→ INSTRUCTIONS TO FOLLOW
Begin at the line that holds "Cinnamon sweet potato" and retype every line through the end of the material, both included. Leave out the pictures.

→ DATA SHOWN
# # # # #

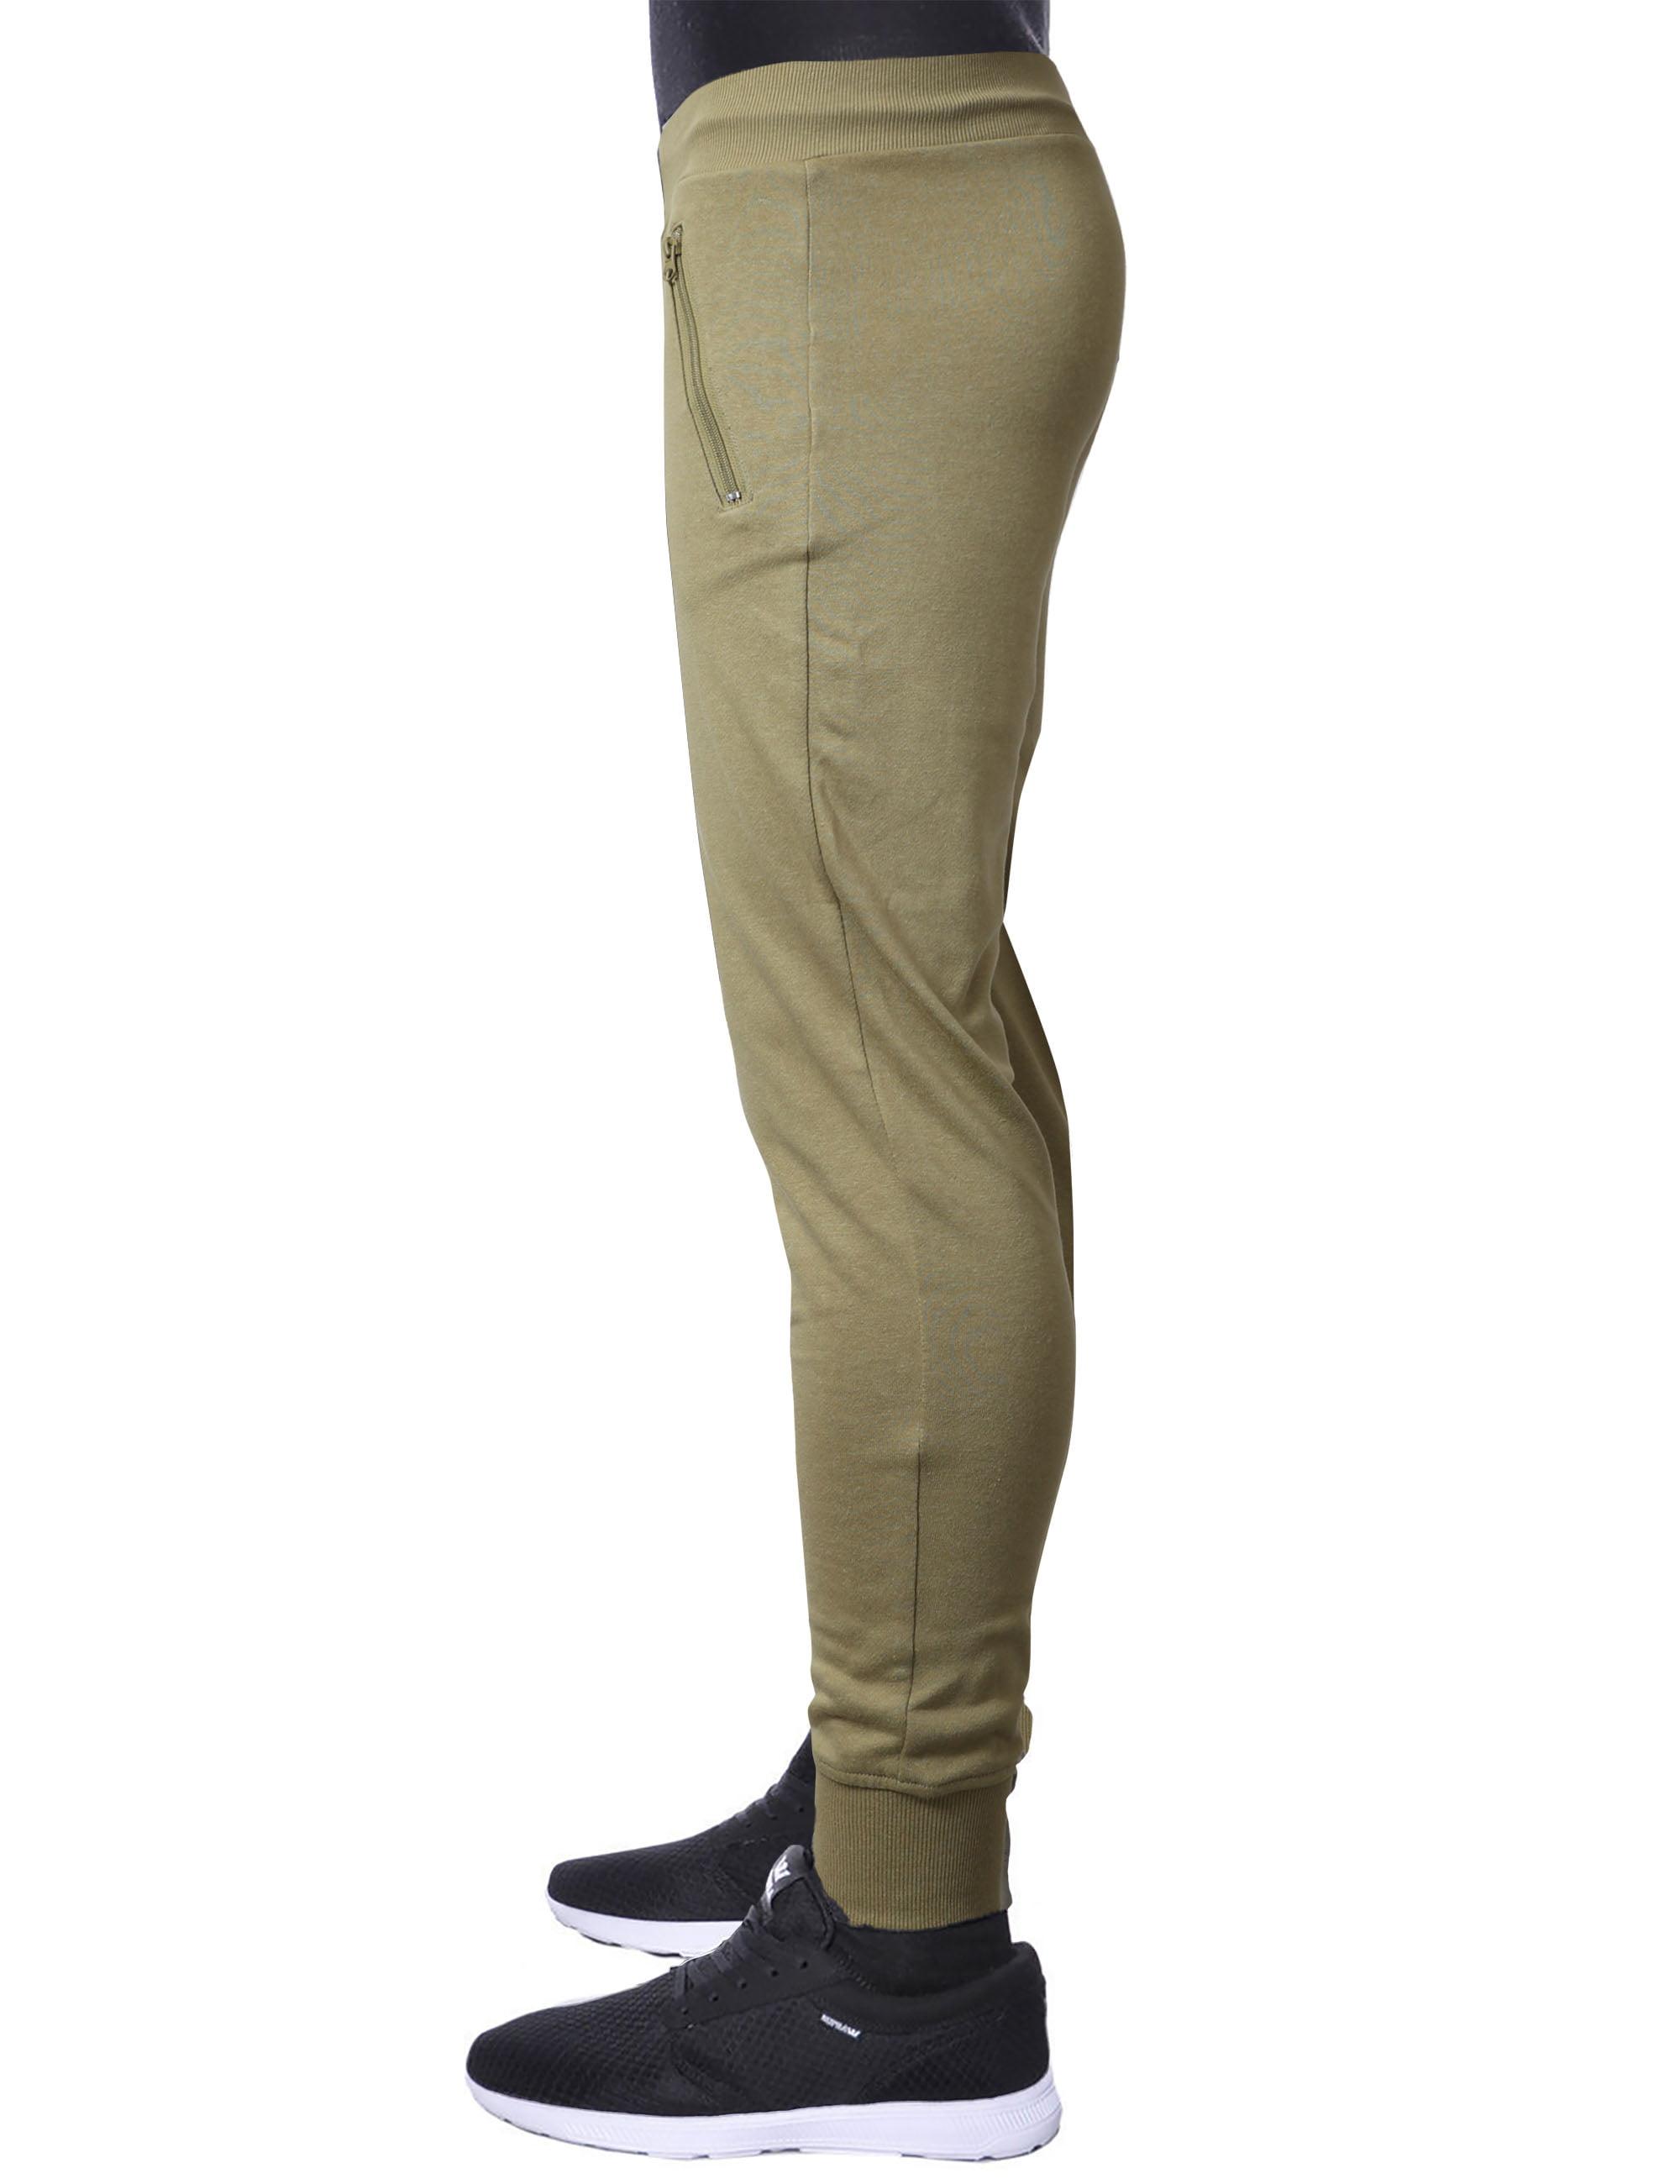 NWT $70 ETONIC Men XXL French Terry Zip Joggers Athletic Pants Sportswear 
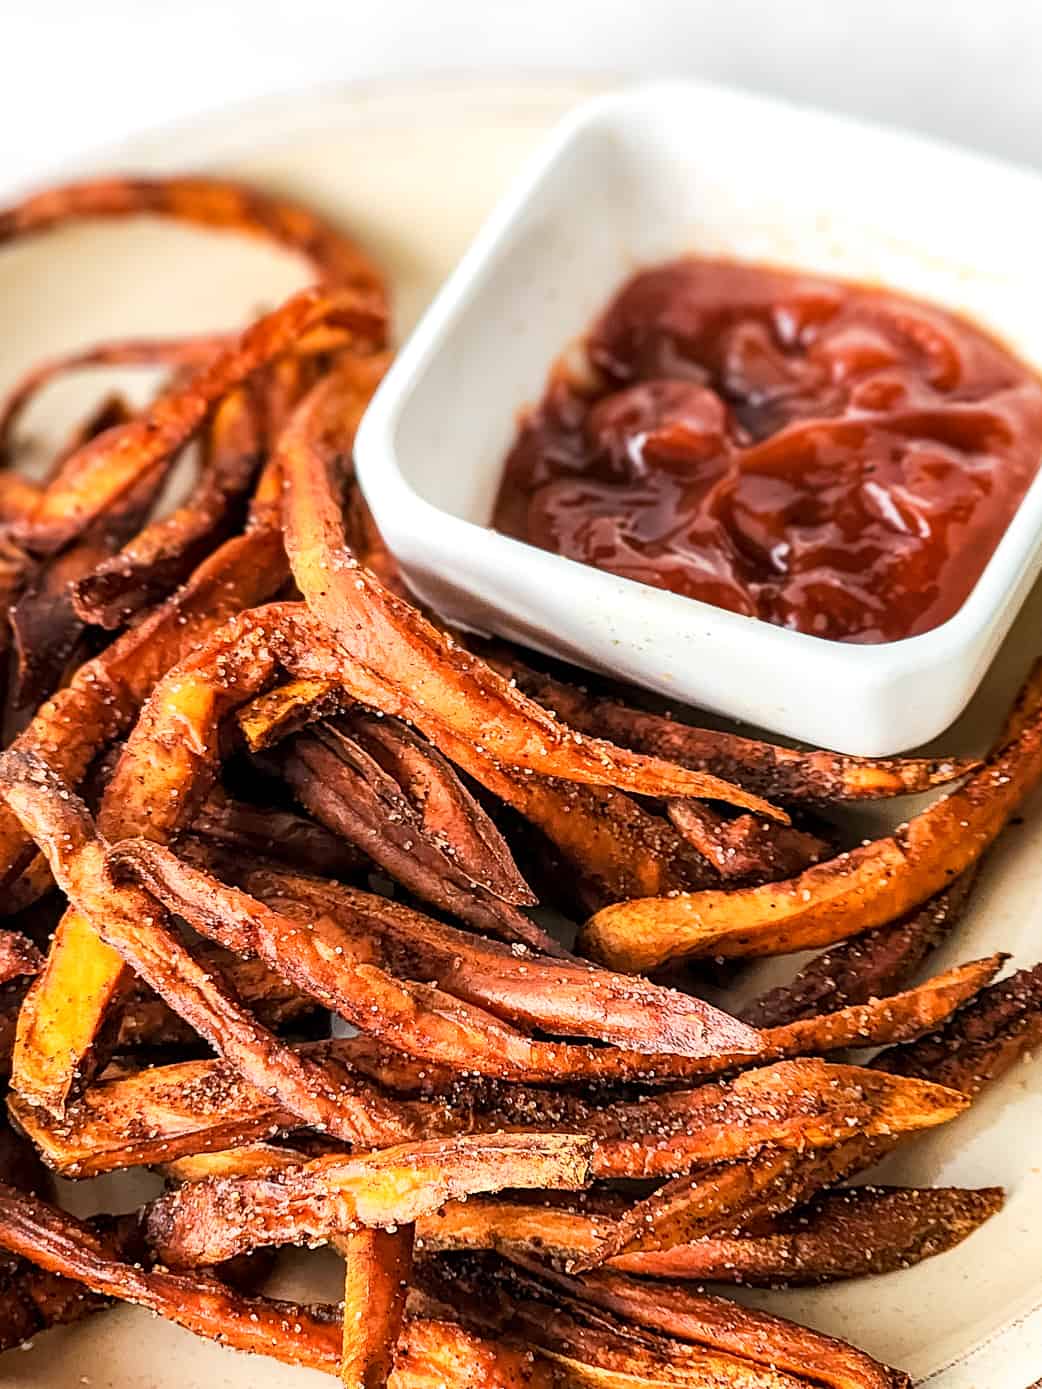 Cinnamon sweet potato fries and ketchup on a plate.
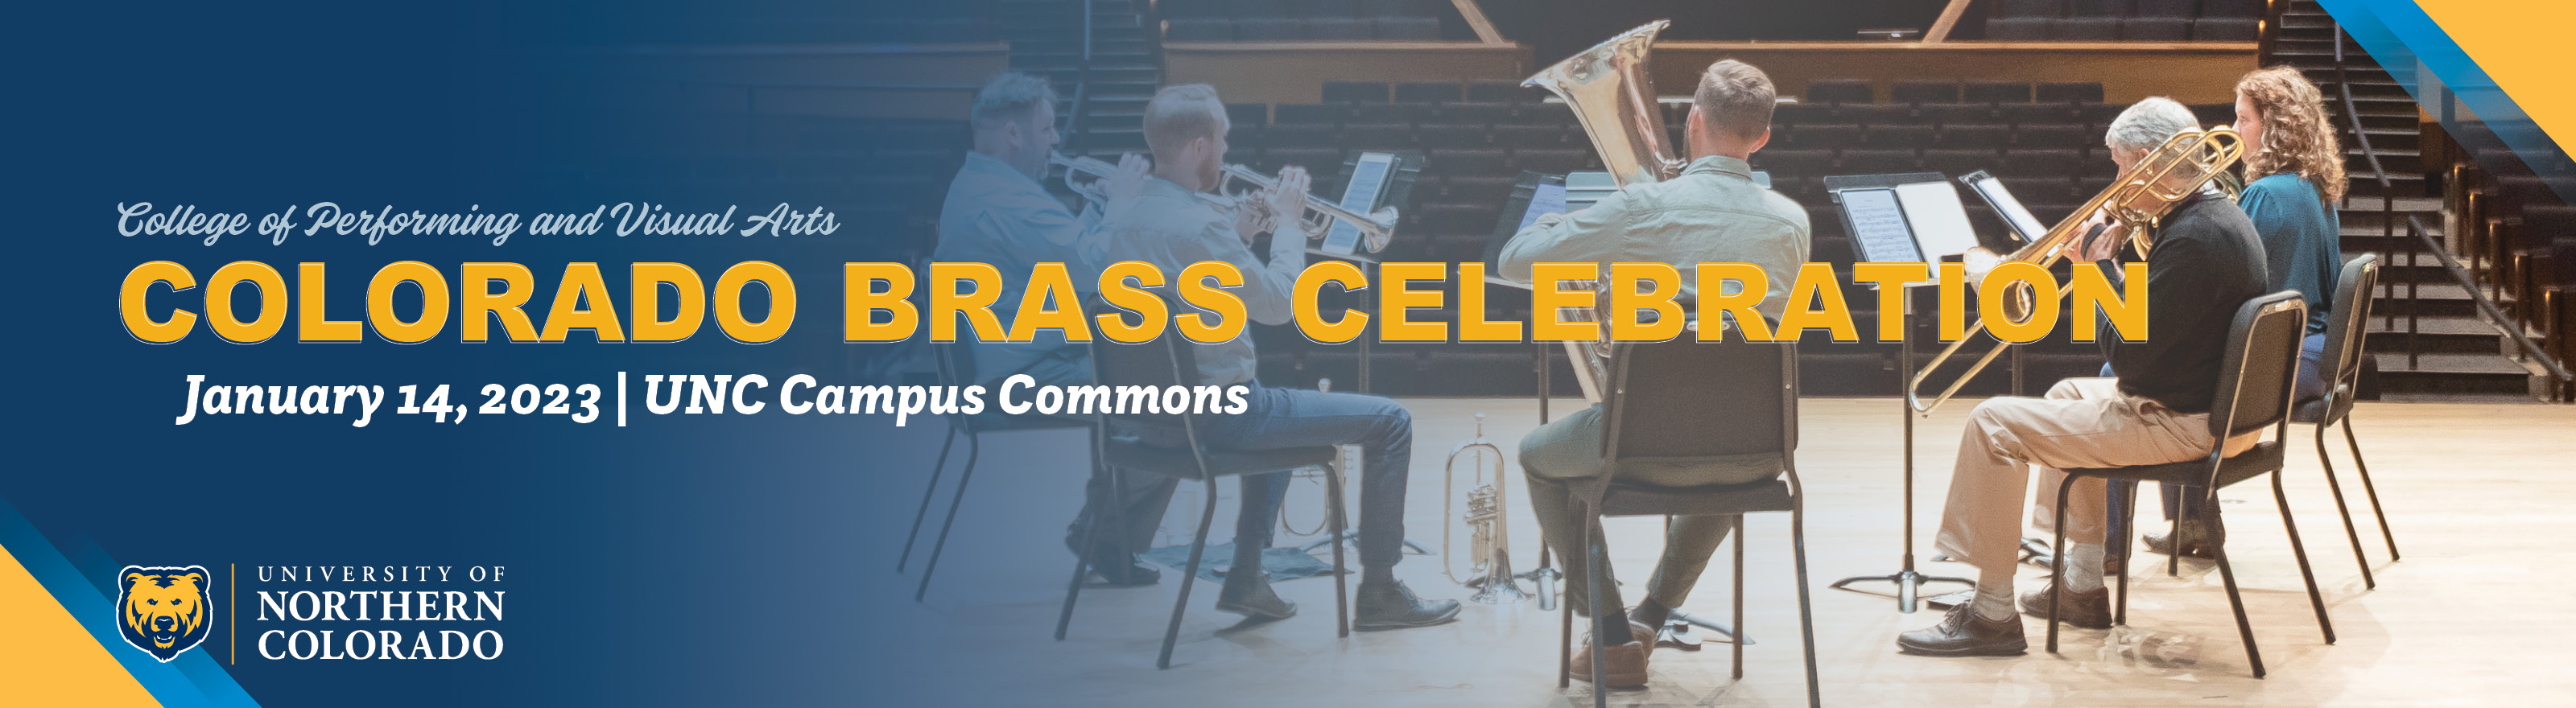 Colorado Brass Celebration

# # # # #

→ OUTPUT FOR THIS EXERCISE
 Cinnamon sweet potato fries and ketchup on a plate.
 Colorado Brass Celebration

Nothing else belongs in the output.